= Fantasticon =

Fantasticon is the national Danish science fiction convention since 2004. It has been held at various locations in Copenhagen. Fantasticon was also the name of a monthly comic book convention series that began in Michigan, USA, in 1976. The following data does not describe the USA convention series.

==Guests of Honour==
2004: (No GoH, but guests included H. H. Løyche.)

2005: Christopher Priest, William J. Maryson (1950–2011), Imants Belogrïvs, Dave Lally, Harry Harrison.

2006: (No GoH, but guests included Lene Kaaberbøl and Josefine Ottesen)

2007: (No Fantasticon this year, GoHs at Eurocon 2007 Copenhagen: Anne McCaffrey, Stephen Baxter, Zoran Živković, David A. Hardy, Niels Dalgaard)

2008: Norman Spinrad, Erwin Neutzsky-Wulff

2009: Charles Stross, Gwyneth Jones

2010: Catherine Asaro (additional guests: Per Vadmand, Ea Philippa, Kaspar Colling Nielsen, Rikke Schubart)

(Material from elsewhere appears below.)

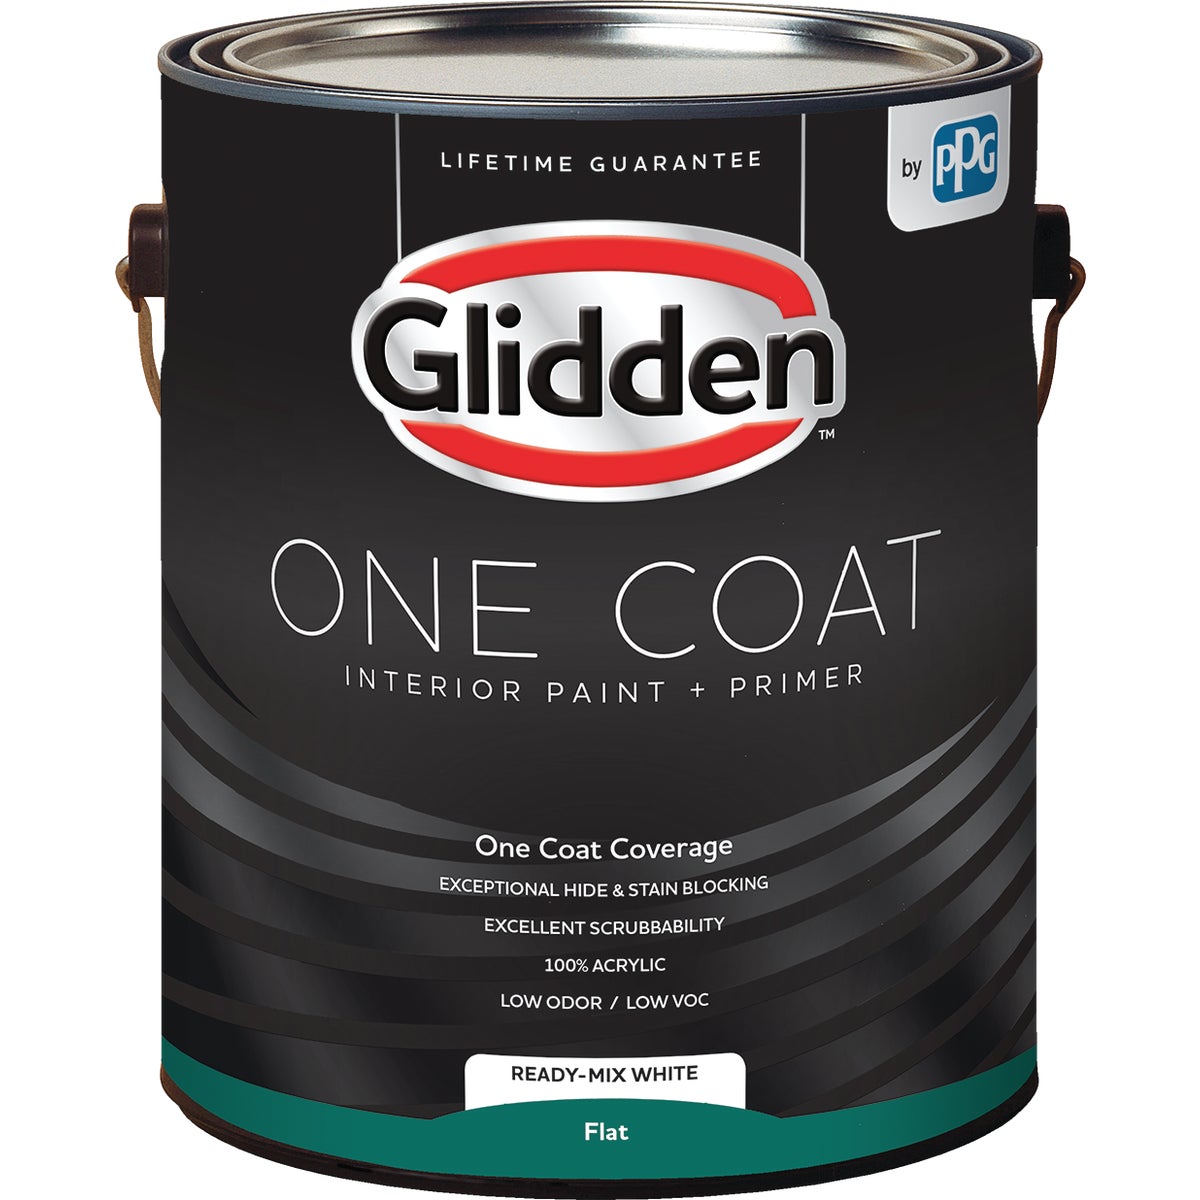 Glidden One Coat Interior Paint + Primer Flat Ready Mix White 1 Gallon
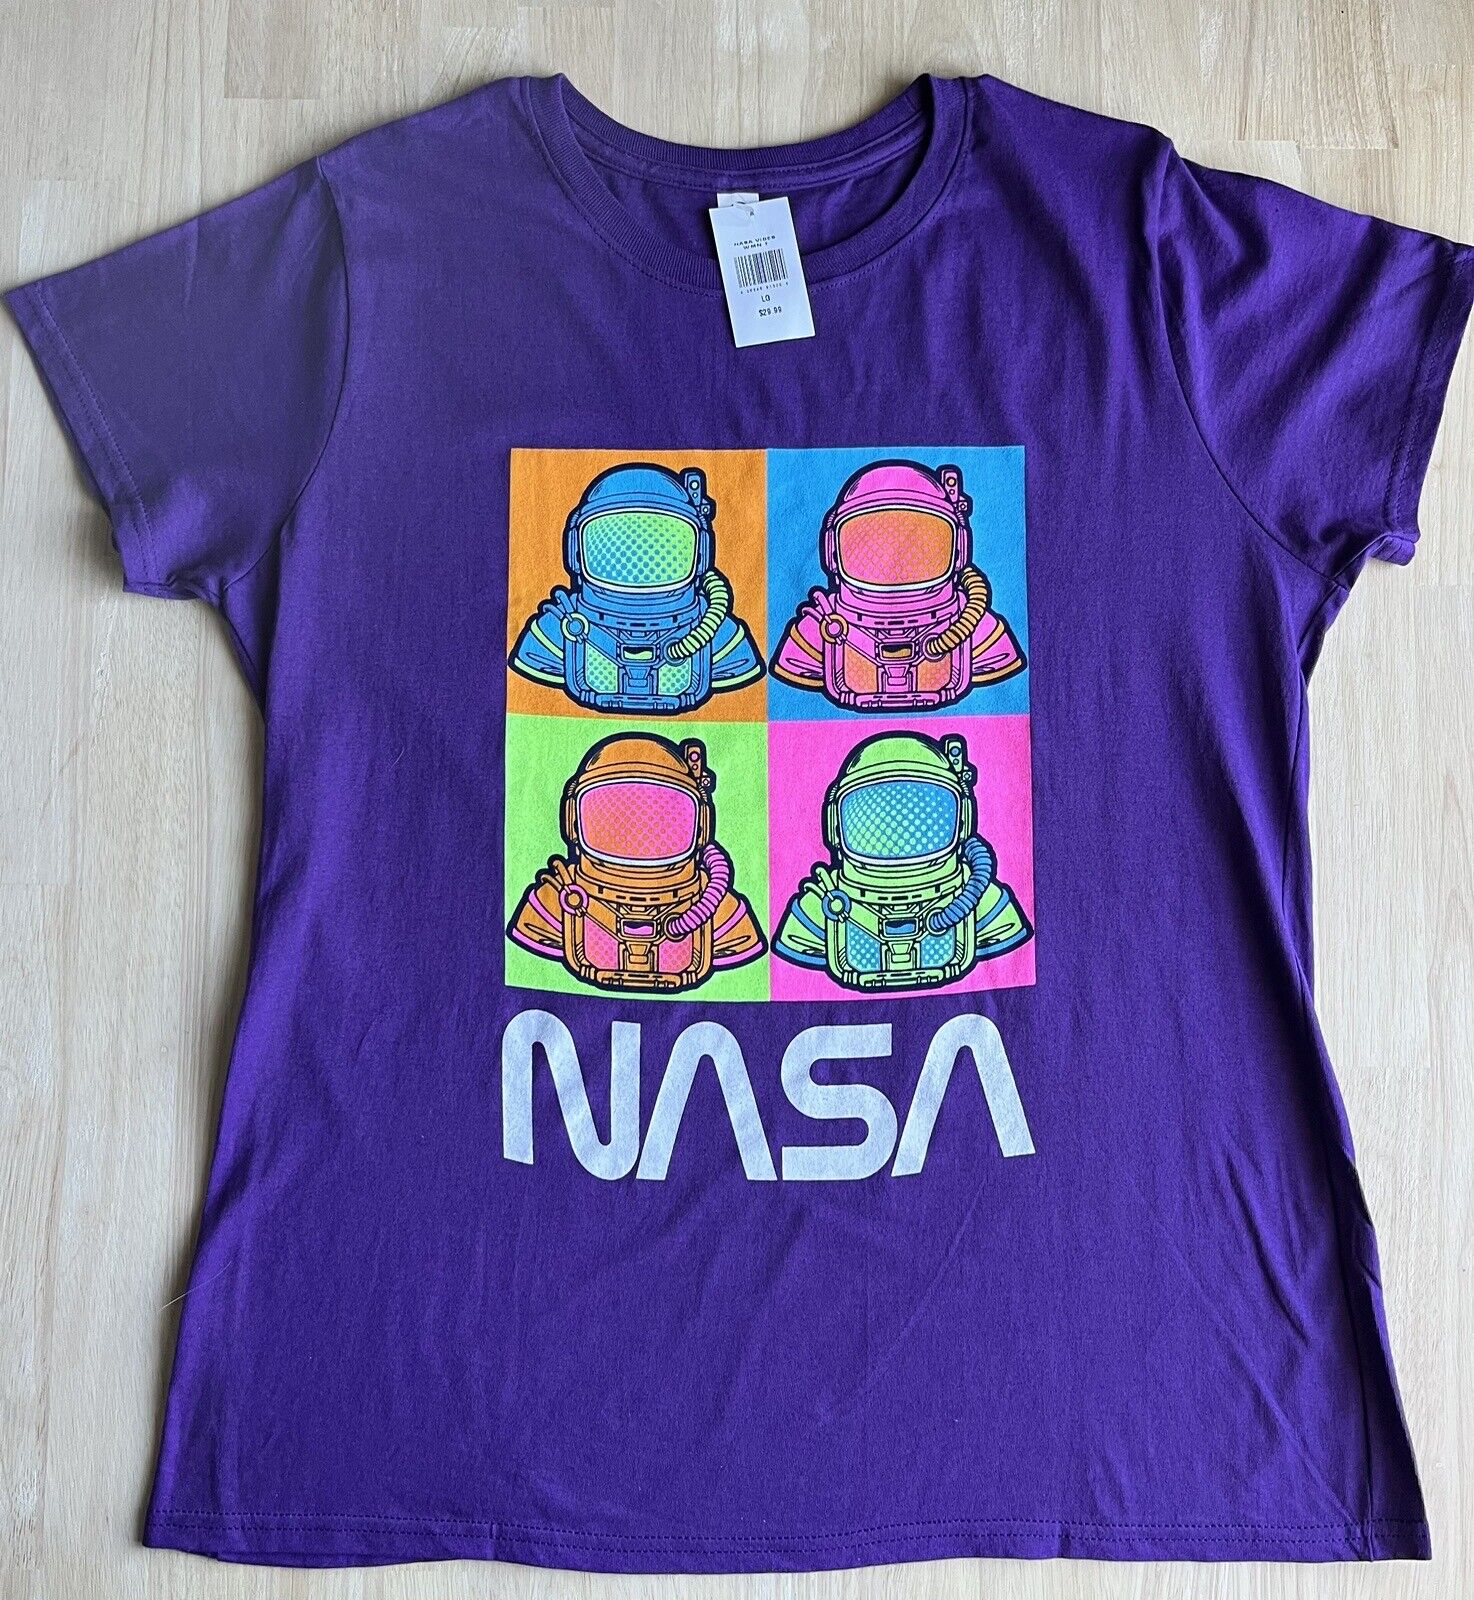 (LG) NASA Vibes Astronaut Shirt WARHOL Inspired Purple Neon Graphic Tee NWT

2011: A. Silvestri, Henrik Harksen

2012: Alastair Reynolds, Ellen Datlow

2013: Tricia Sullivan, Karin Tidbeck

2014: Paul J. McAuley, Rochita Loenen-Ruiz

2015: Pat Cadigan, Ian Watson

2016: Justina Robson, Ken MacLeod

2017: Christopher Priest, Nina Allan

2018: Jeannette Ng, Lavie Tidhar

2019: Nisi Shawl

2020: (No GoH, virtual convention on Zoom)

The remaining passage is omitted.